■ WORK TO BE COMPLETED:
Write out all the data verbatim. Skip images.

■ DATA EXCERPT:
::::

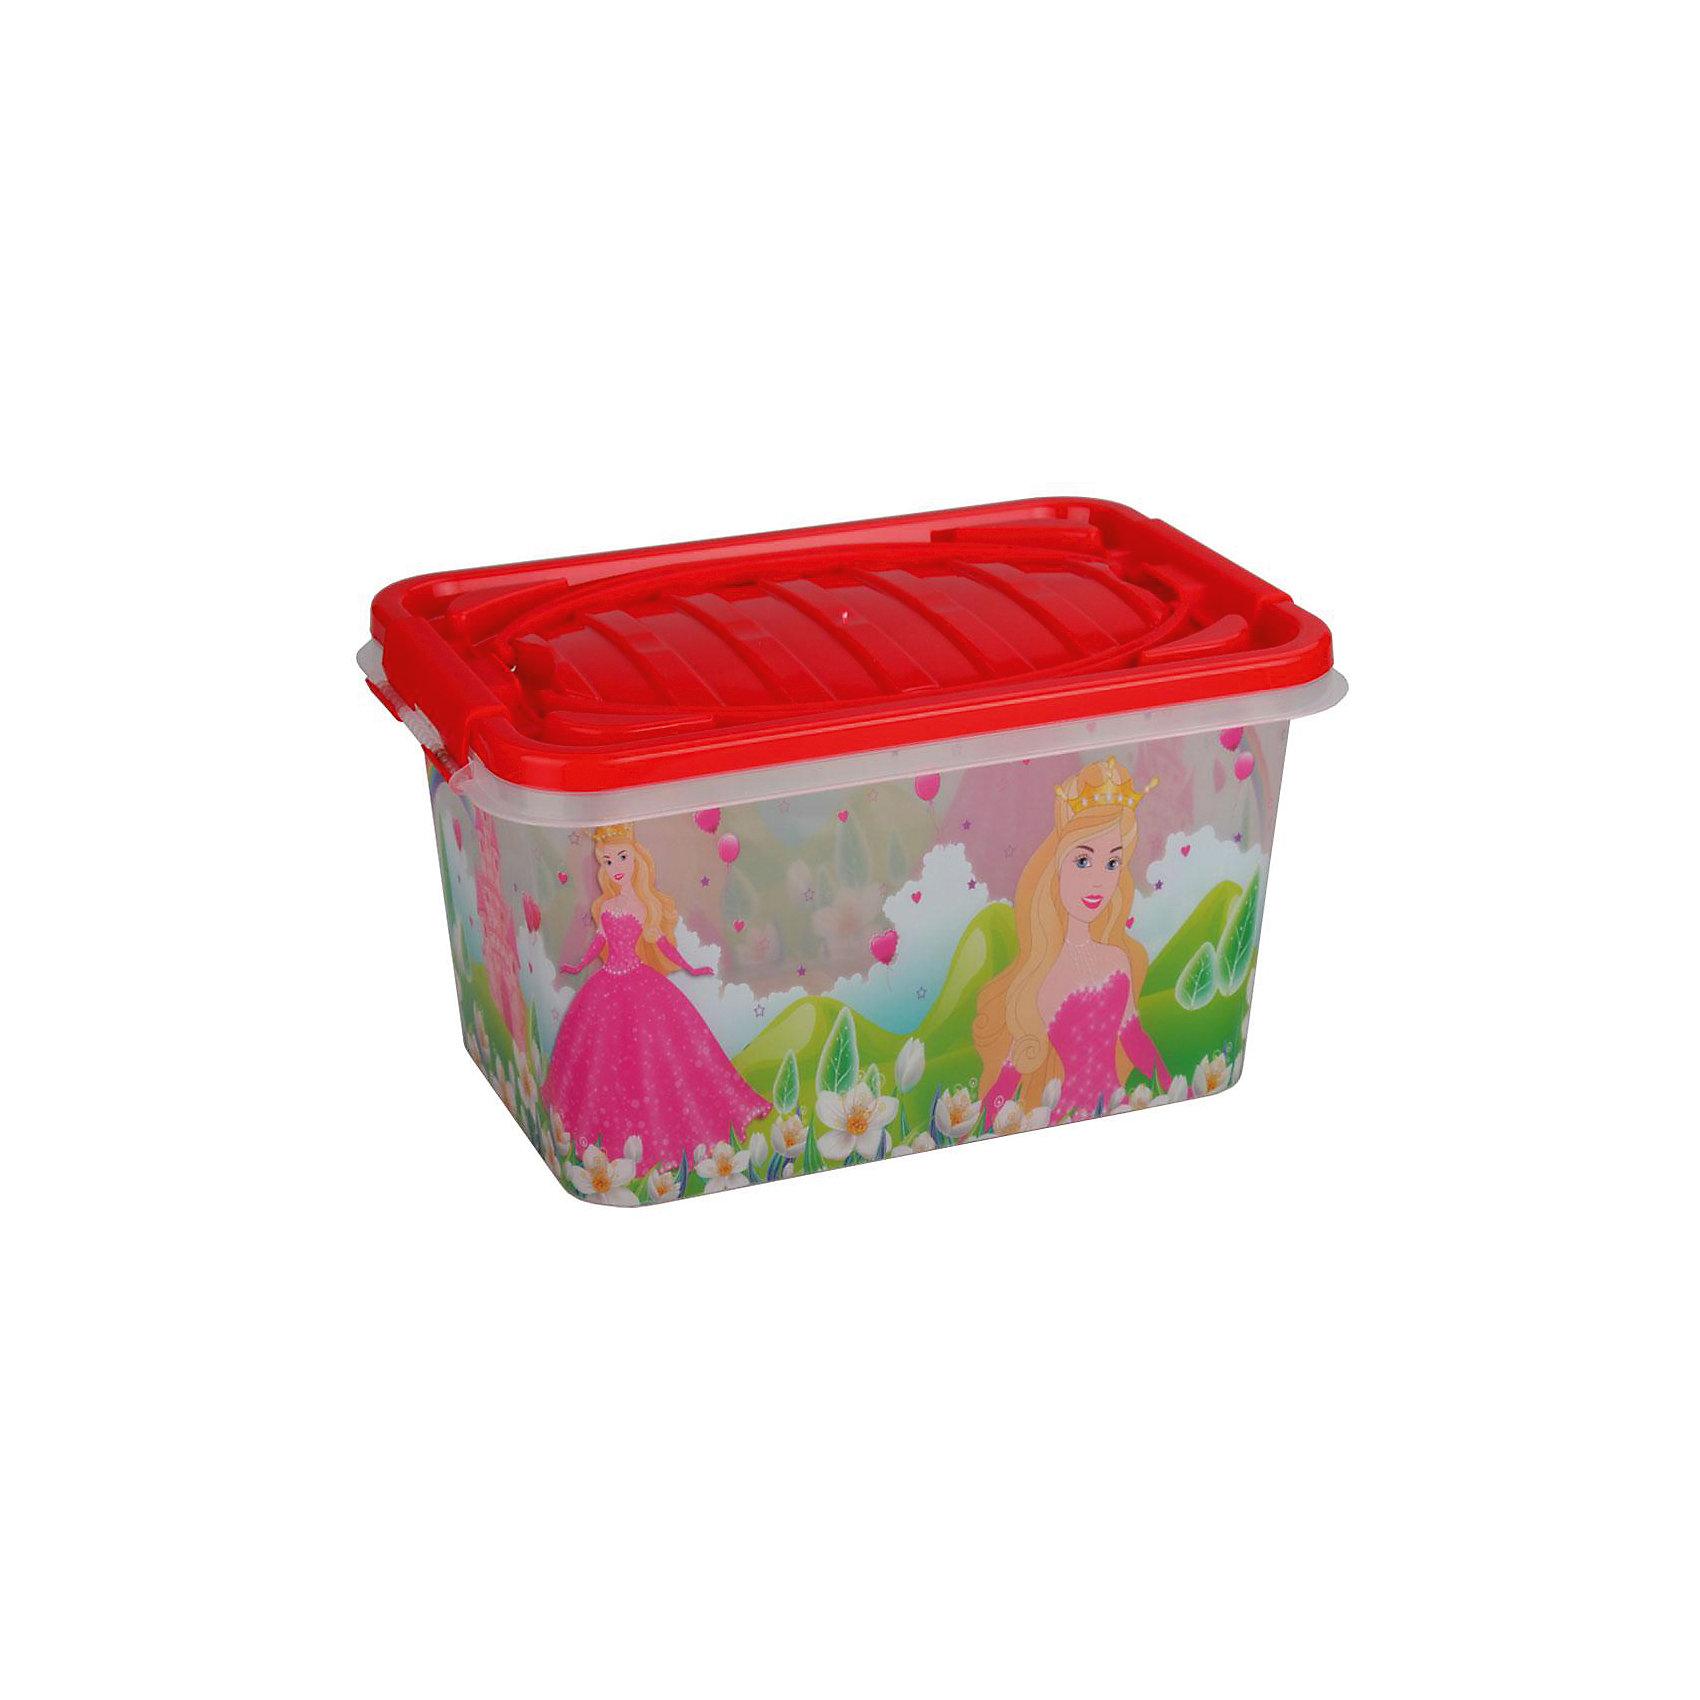 Контейнер Принцесса прямоугольный 15л. ,  AlternativaПорядок в детской<br>Принцесса - удобный и вместительный контейнер для девочки. Он выполнен из пластика, надежно закрывается крышкой и украшен рисунком с прекрасной принцессой. Отлично подойдет для хранения самых ценных вещей малышки.<br><br>Дополнительная информация:<br>Материал: пластик<br>Объем: 15 л<br>Размер: 39х26,5х21 см<br><br>Контейнер Принцесса вы можете приобрести в нашем интернет-магазине.<br><br>Ширина мм: 390<br>Глубина мм: 265<br>Высота мм: 210<br>Вес г: 686<br>Возраст от месяцев: 36<br>Возраст до месяцев: 144<br>Пол: Унисекс<br>Возраст: Детский<br>SKU: 4979718
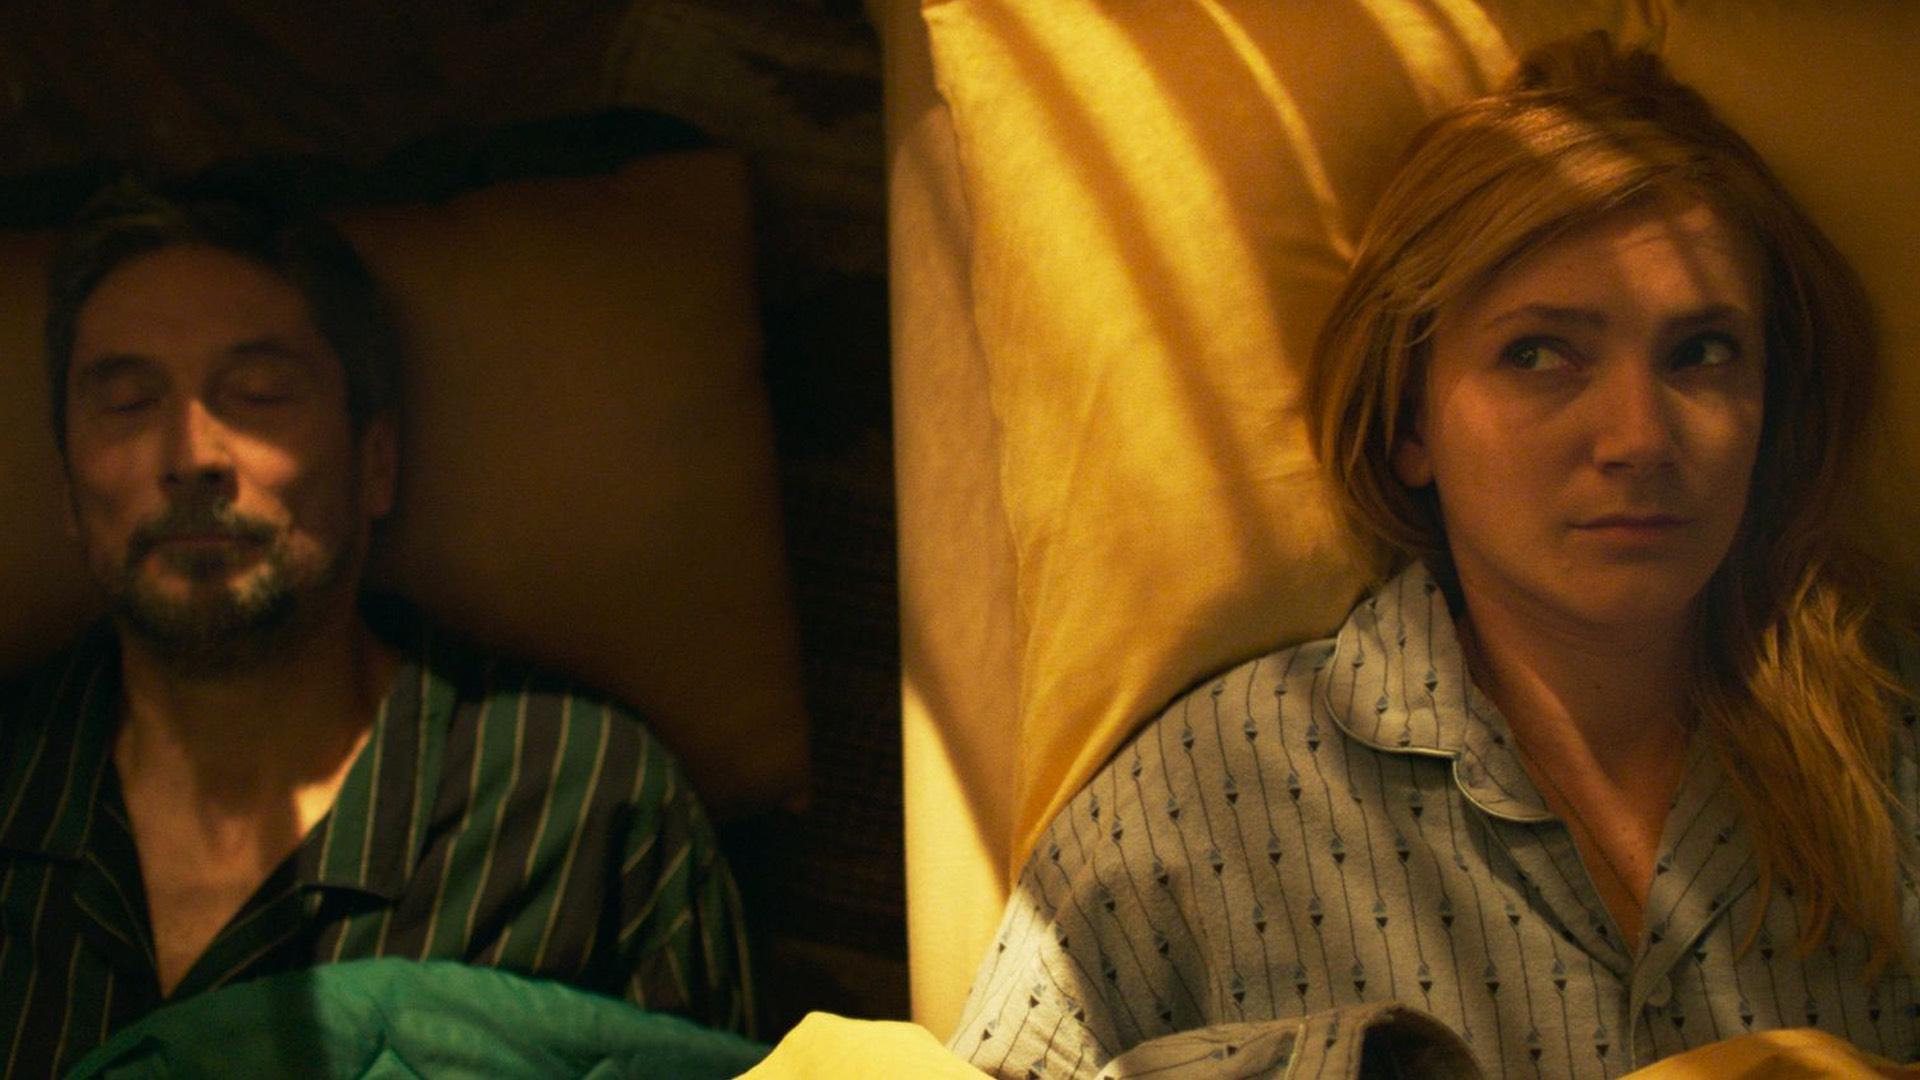 لقطة من فيلم عن الجسد والروح للمخرجة إلديكو إنييدي
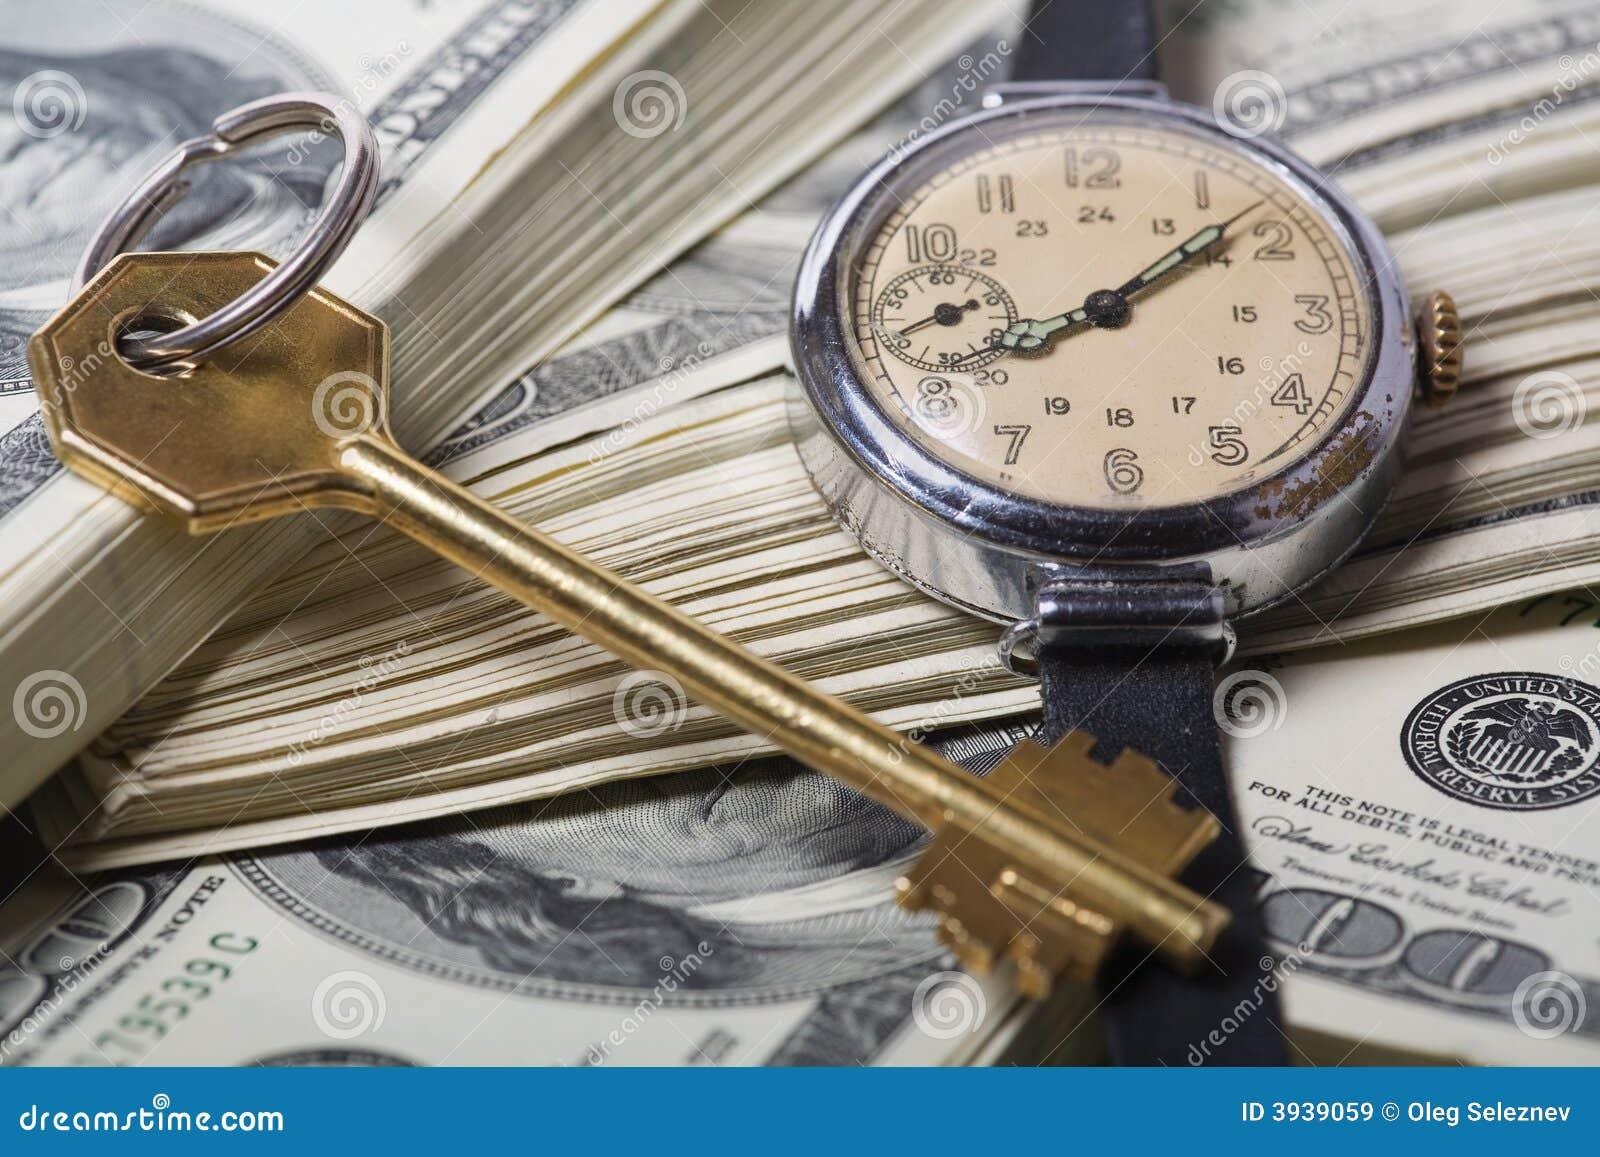 Biznes koncepcji pieniądze razem sukcesem

::::

■ RESULT OF THIS EXERCISE:
 Контейнер Принцесса прямоугольный 15л. ,  AlternativaПорядок в детской<br>Принцесса - удобный и вместительный контейнер для девочки. Он выполнен из пластика, надежно закрывается крышкой и украшен рисунком с прекрасной принцессой. Отлично подойдет для хранения самых ценных вещей малышки.<br><br>Дополнительная информация:<br>Материал: пластик<br>Объем: 15 л<br>Размер: 39х26,5х21 см<br><br>Контейнер Принцесса вы можете приобрести в нашем интернет-магазине.<br><br>Ширина мм: 390<br>Глубина мм: 265<br>Высота мм: 210<br>Вес г: 686<br>Возраст от месяцев: 36<br>Возраст до месяцев: 144<br>Пол: Унисекс<br>Возраст: Детский<br>SKU: 4979718
 لقطة من فيلم عن الجسد والروح للمخرجة إلديكو إنييدي
 Biznes koncepcji pieniądze razem sukcesem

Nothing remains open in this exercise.